Comp-sci boffins at Carnegie-Mellon University have developed a system called IM2GPS that can identify the probable geographic location of a given image. From the abstract of the paper:
In this paper, we propose a simple algorithm for estimating a distribution over geographic locations from a single image using a purely data-driven scene matching approach. For this task, we will leverage a dataset of over 6 million GPS-tagged images from the Internet. We represent the estimated image location as a probability distribution over the Earth’s surface. We quantitatively evaluate our approach in several geolocation tasks and demonstrate encouraging performance (up to 30 times better than chance). We show that geolocation estimates can provide the basis for numerous other image understanding tasks such as population density estimation, land cover estimation or urban/rural classification.
The trend is towards every piece of data being tagged with a location: here we see a way of legacy information (old photos) being given a “probable geographic location” without having originally being created with a time/GPS location stamp. It would still only be a general guess as to a geographic area, but it is better than nothing.
The most important thing to know about Spimes is that they are precisely located in space and time. They have histories. They are recorded, tracked, inventoried, and always associated with a story.

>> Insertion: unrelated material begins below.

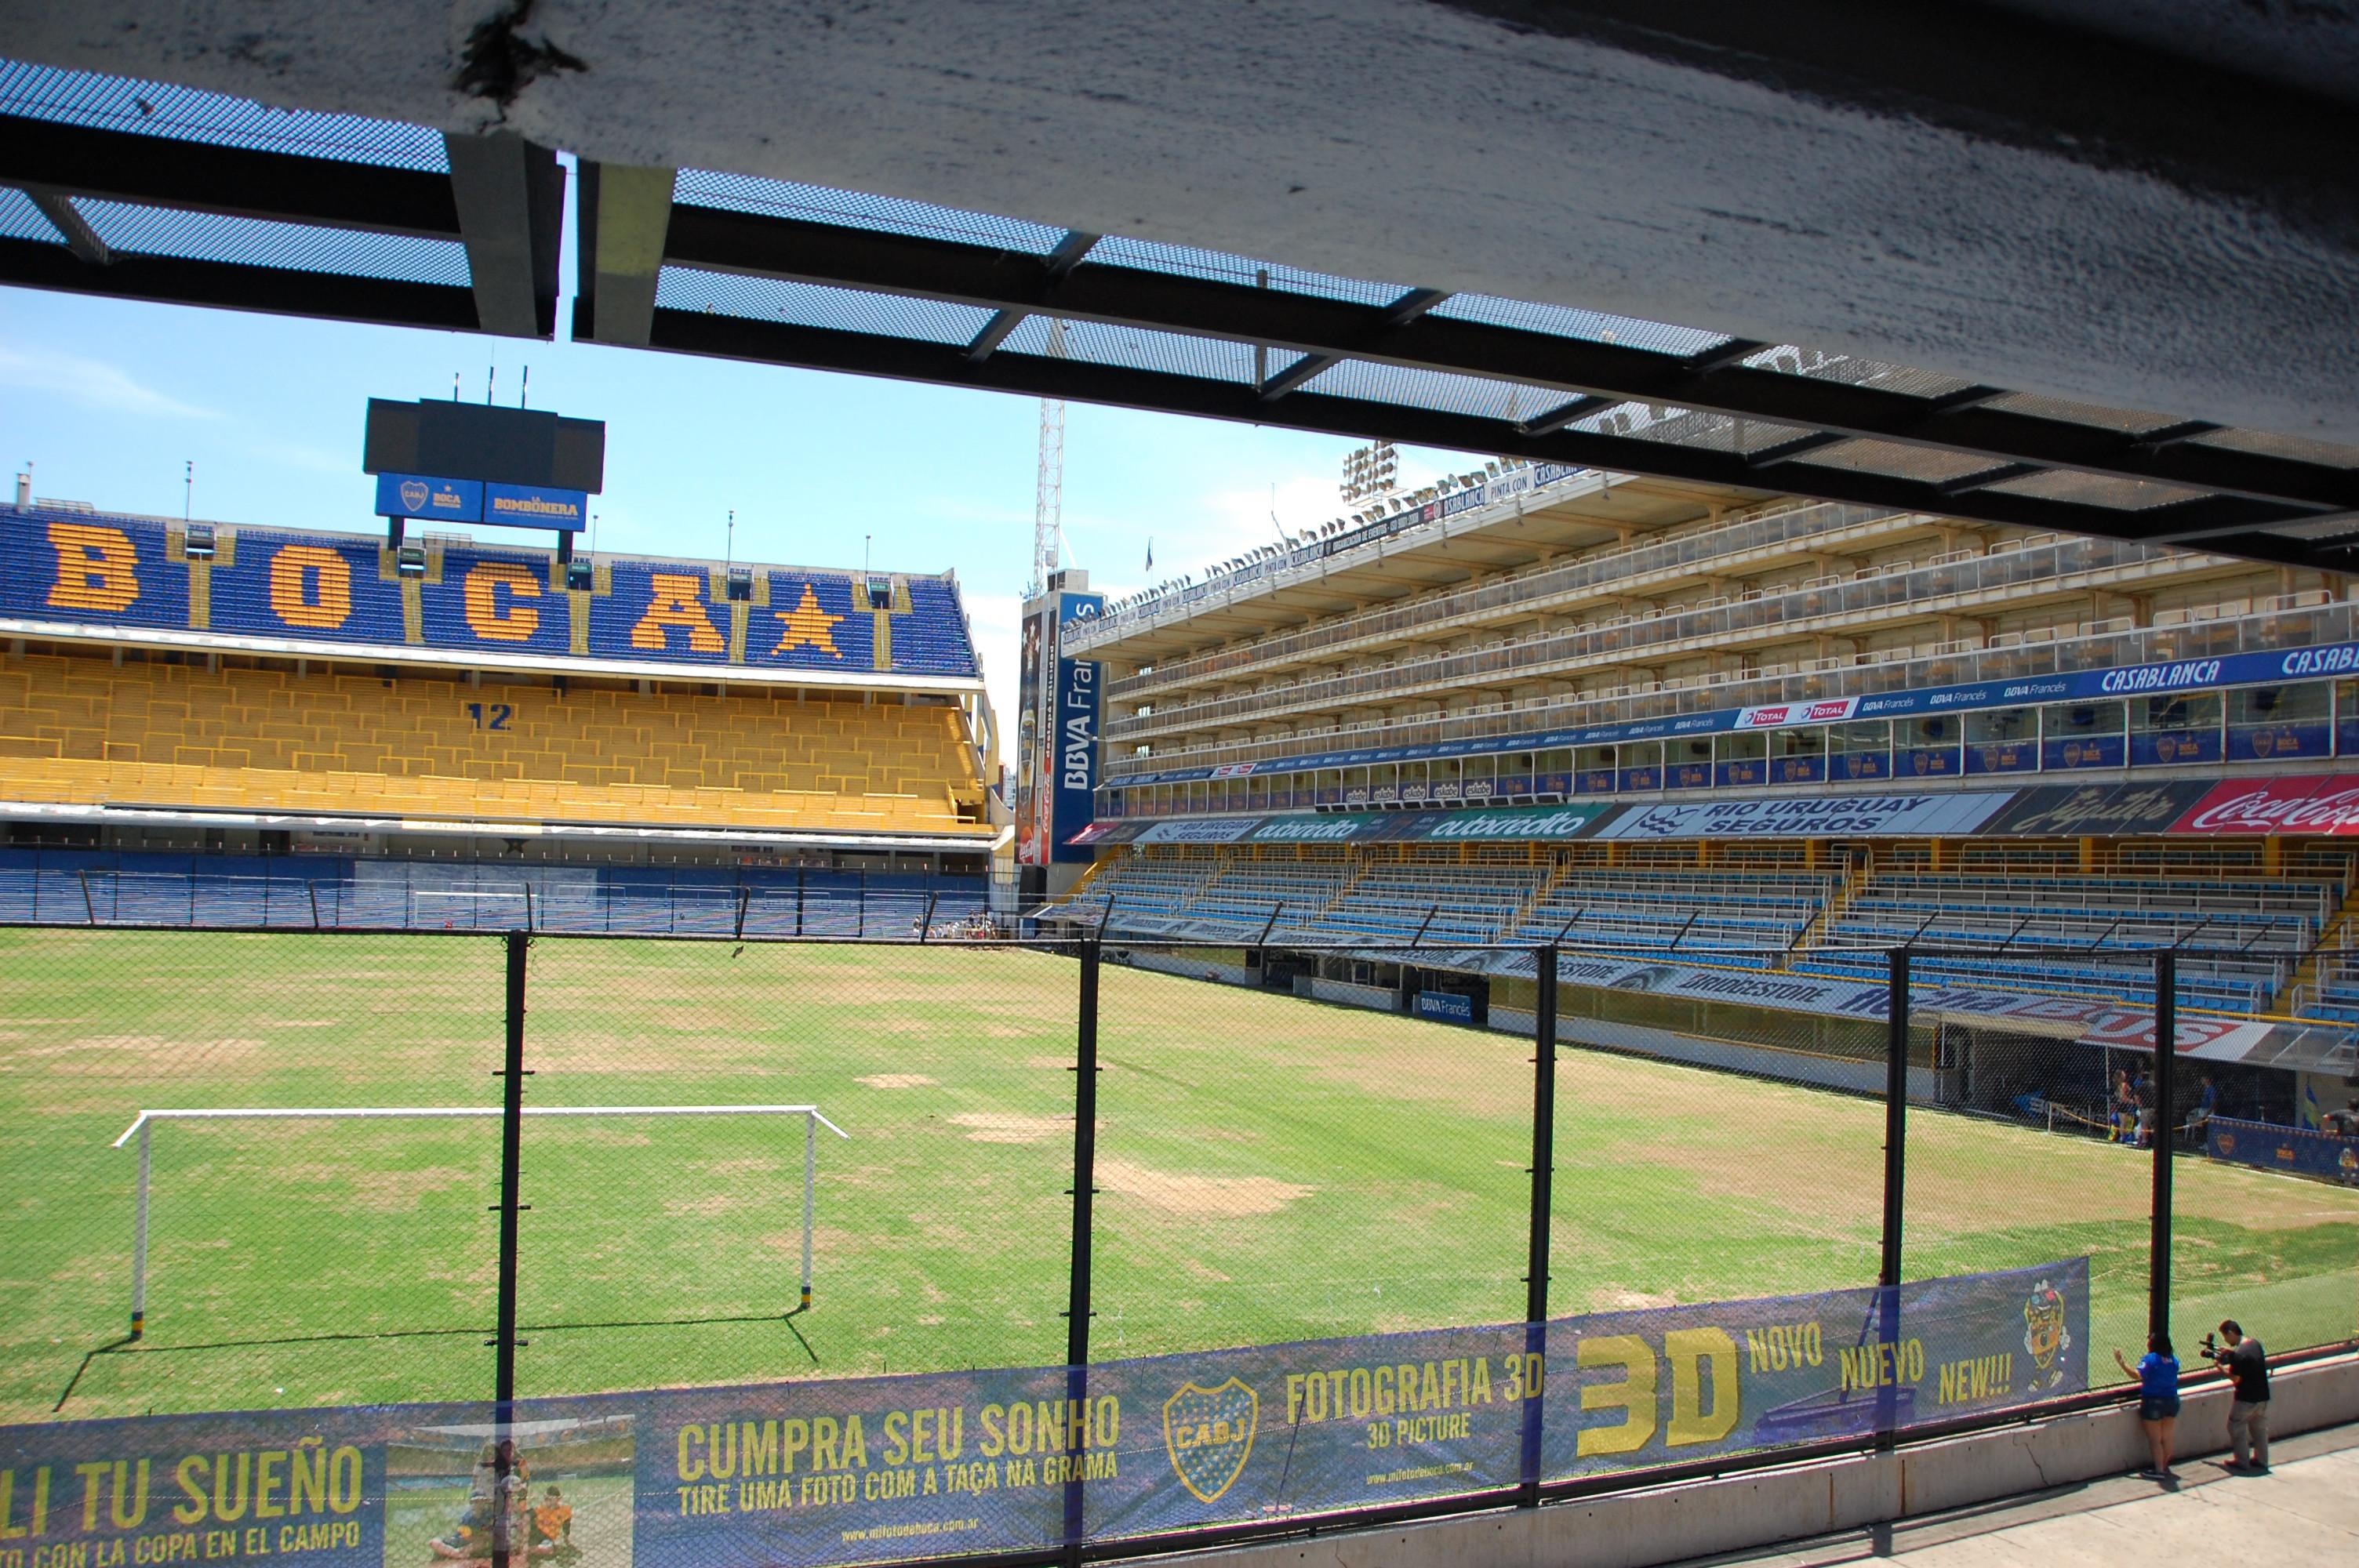 Buenos Aires rivista da me: un giro trasversale tra campi di calcio e storie di pallone

In the case of IM2GPS it is the data itself that is being recorded and tracked, and potentially the objects the data describes (the objects in the photos) which connects with another loosely related concept: the panopticon. Imagine if you combined IM2GPS technology with facial recognition software and put CCTV archives through this kind of process. You could essentially Spimify the population retrospectively!
Hysterically delusional paranoia aside this is a fascinating development. Read the paper in full (pdf), it’s well worth it.